SOURCE DATA –
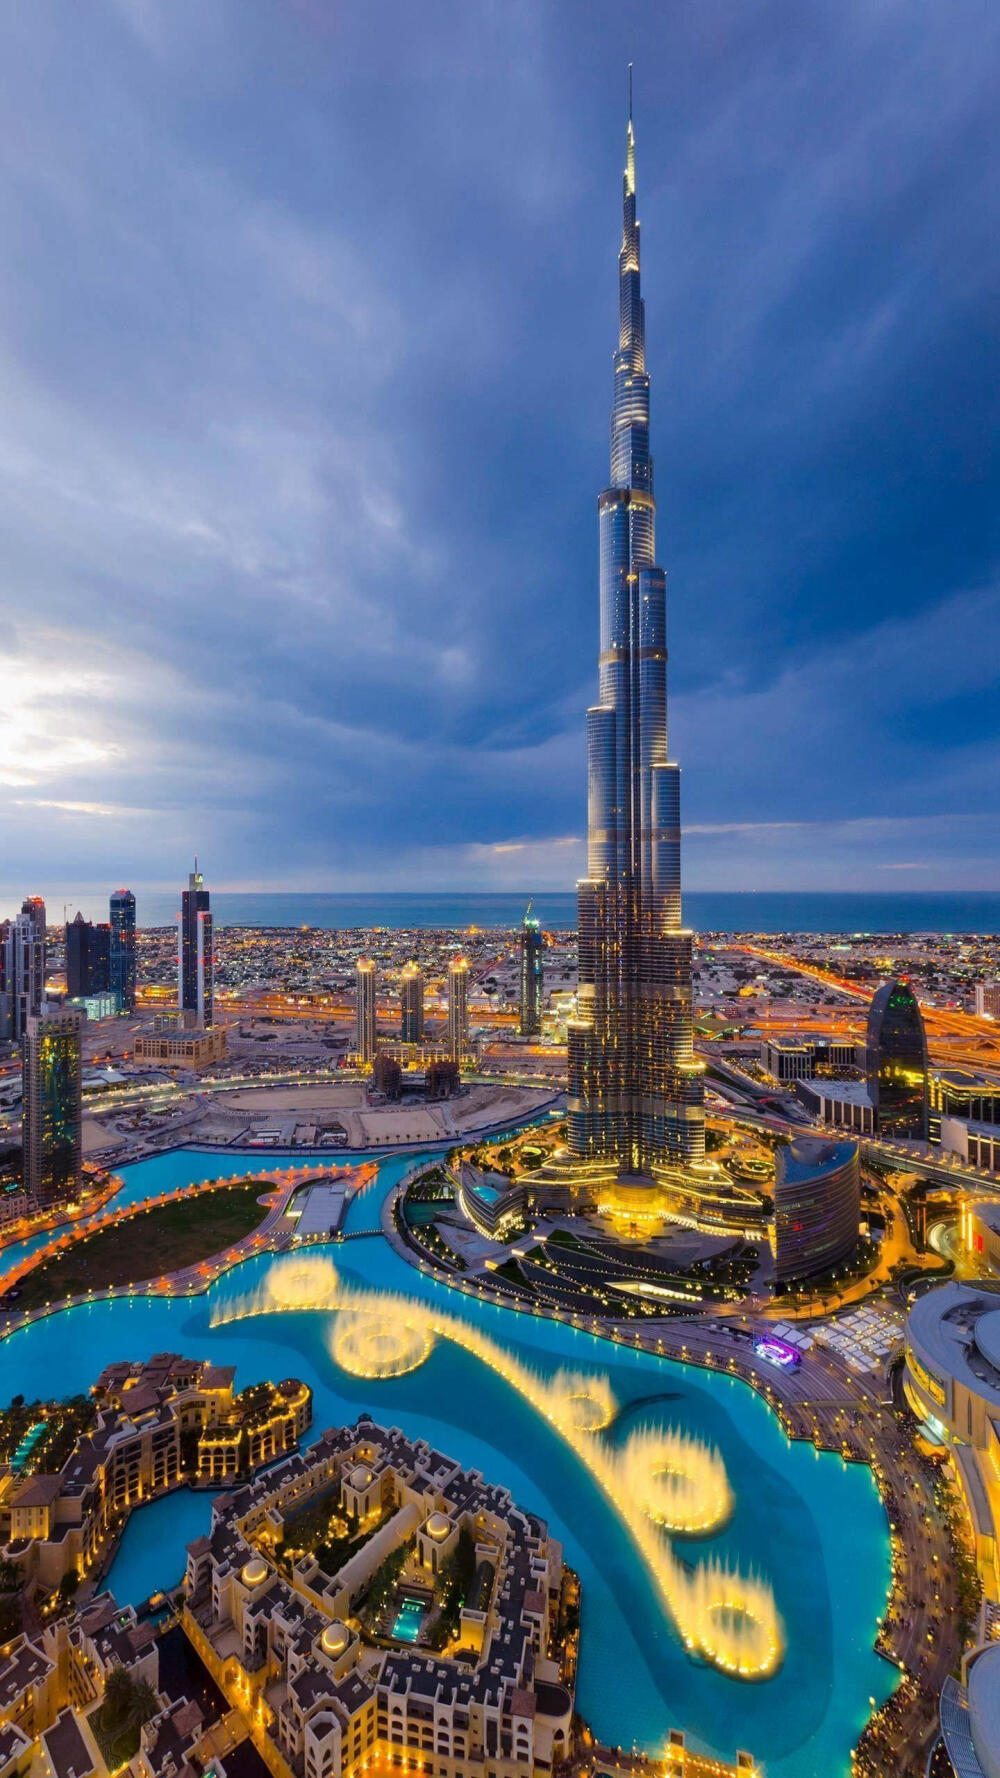 迪拜—华为杂志锁屏 迪拜是中东地区的经济金融中心,被评为2018年世界
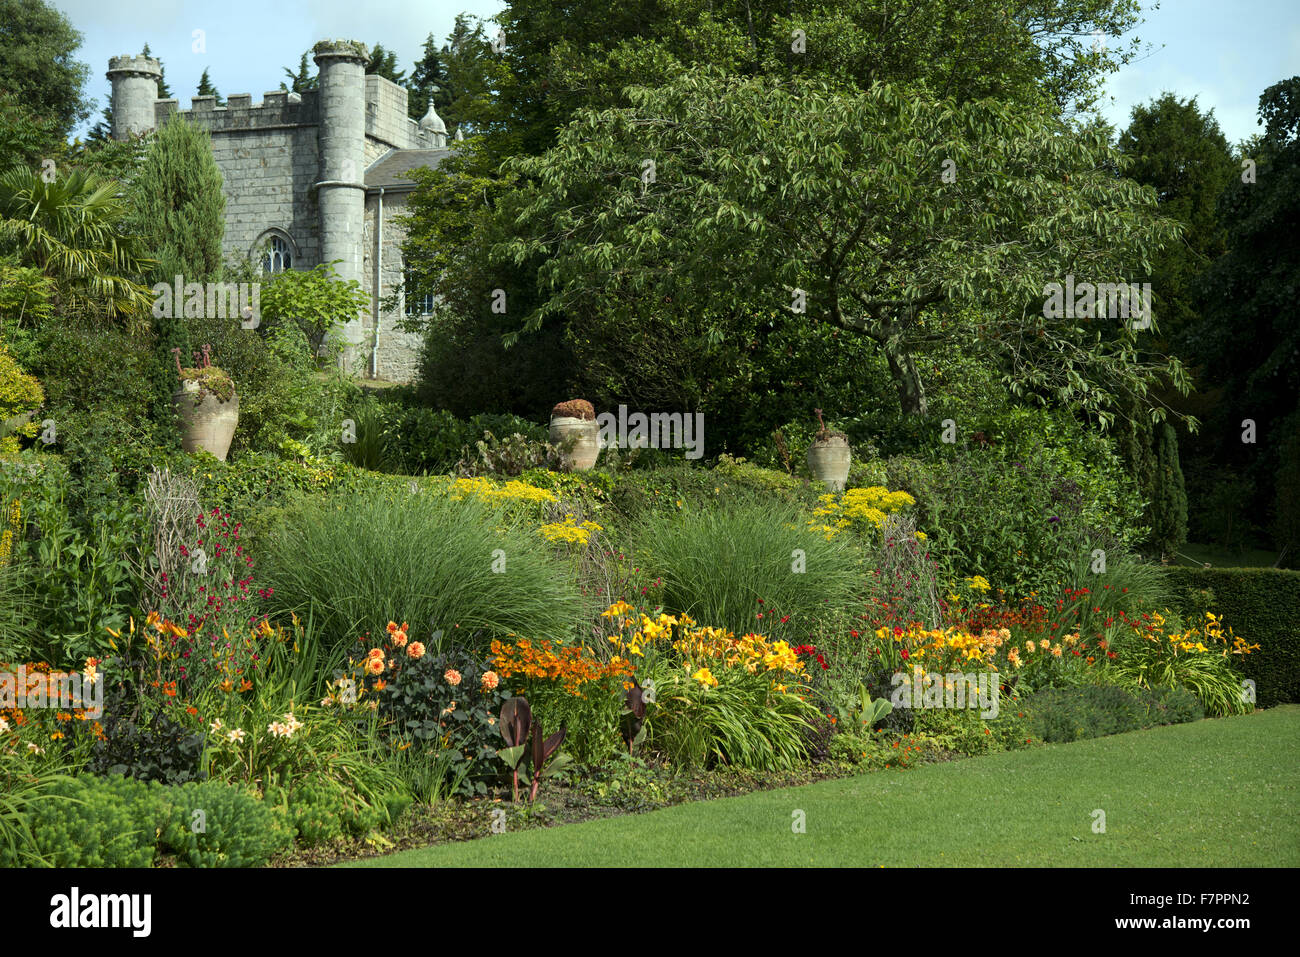 La maison vue du jardin de Plas Newydd Country House and Gardens, Anglesey, Pays de Galles. Ce beau manoir du xviiie siècle se trouve sur les rives du détroit de Menai l, avec des vues à couper le souffle de Snowdonia. Banque D'Images
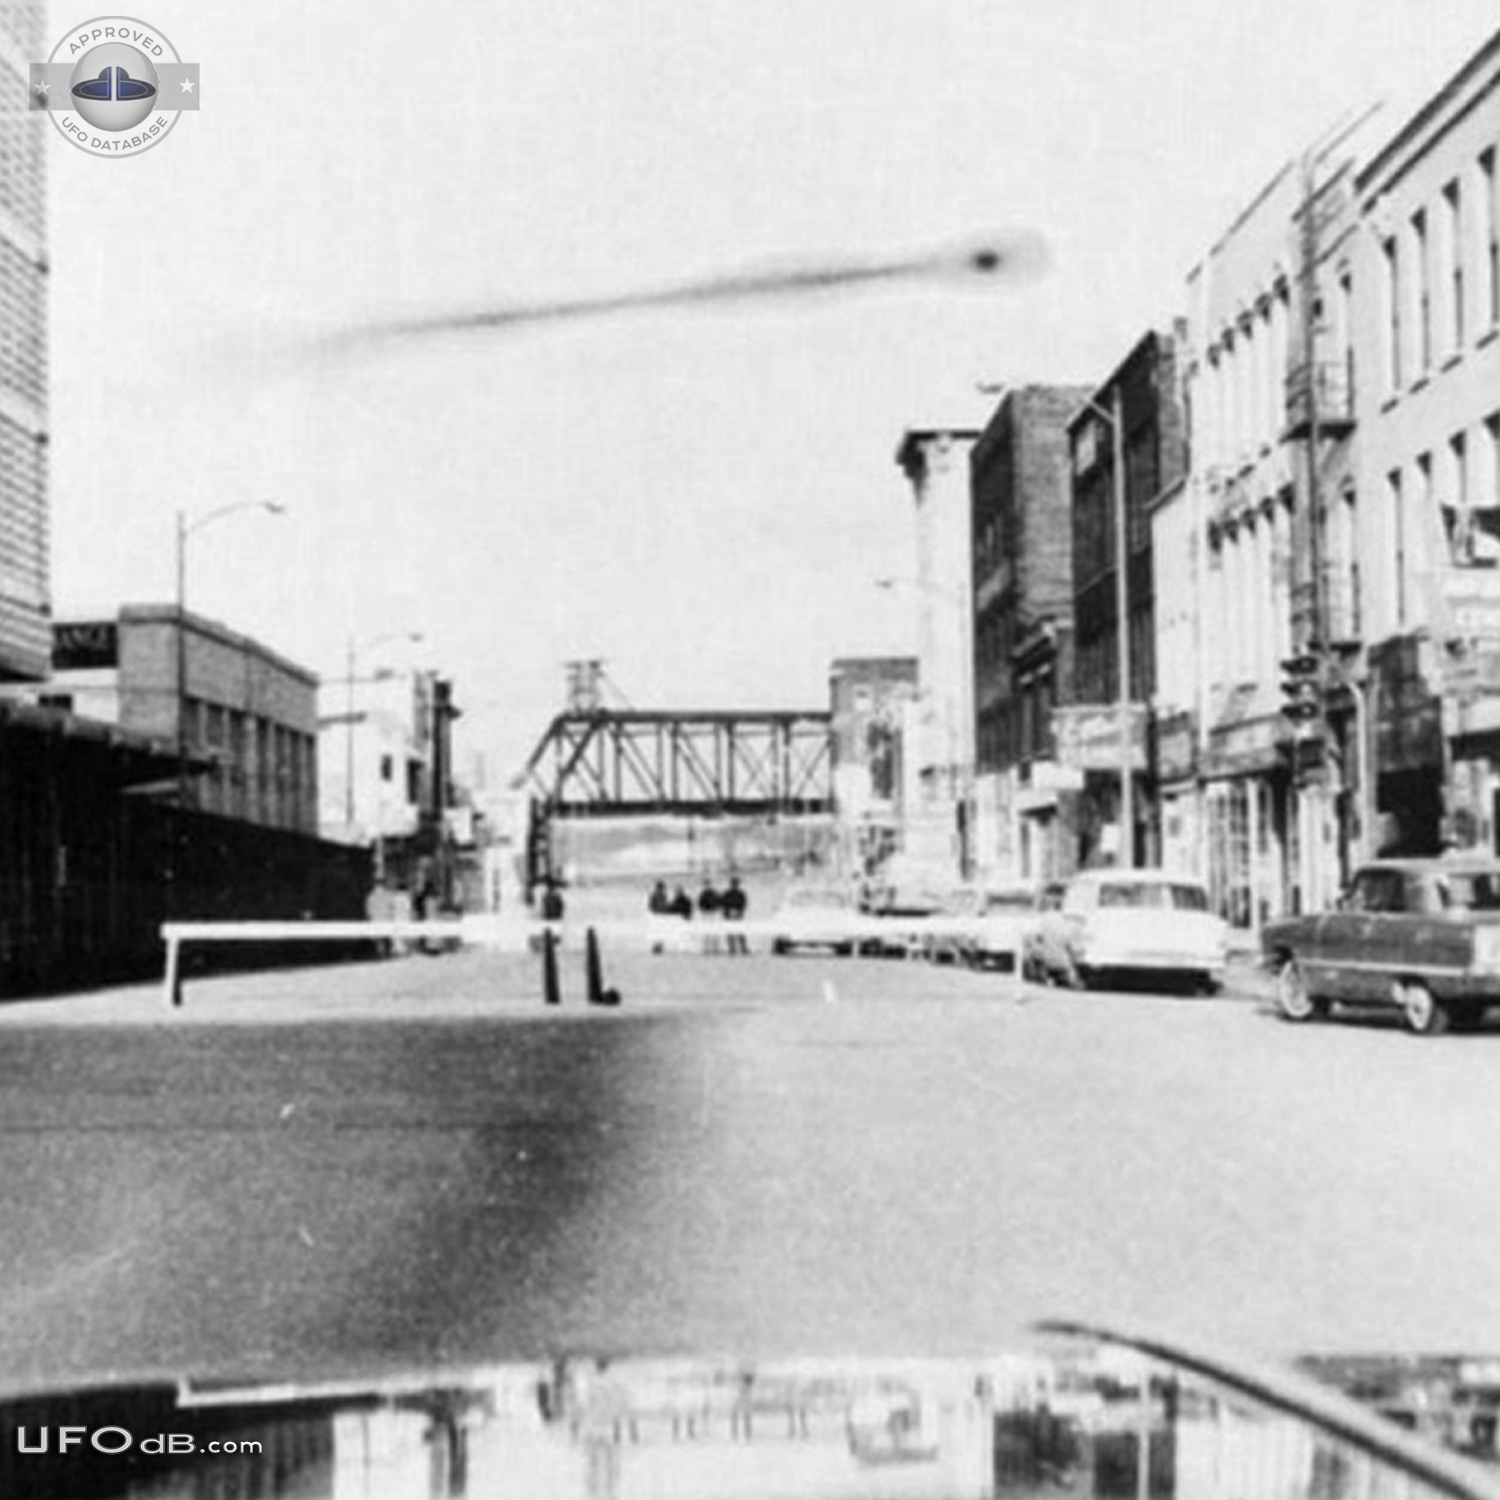 CIA Declassified UFO picture of 1965 in Omaha, Nebraska USA UFO Picture #631-3

WHAT TO WORK ON –
Nothing but the pictures should be left out when the listing above is transcribed.

TASK SOLUTION –
 迪拜—华为杂志锁屏 迪拜是中东地区的经济金融中心,被评为2018年世界
 La maison vue du jardin de Plas Newydd Country House and Gardens, Anglesey, Pays de Galles. Ce beau manoir du xviiie siècle se trouve sur les rives du détroit de Menai l, avec des vues à couper le souffle de Snowdonia. Banque D'Images
 CIA Declassified UFO picture of 1965 in Omaha, Nebraska USA UFO Picture #631-3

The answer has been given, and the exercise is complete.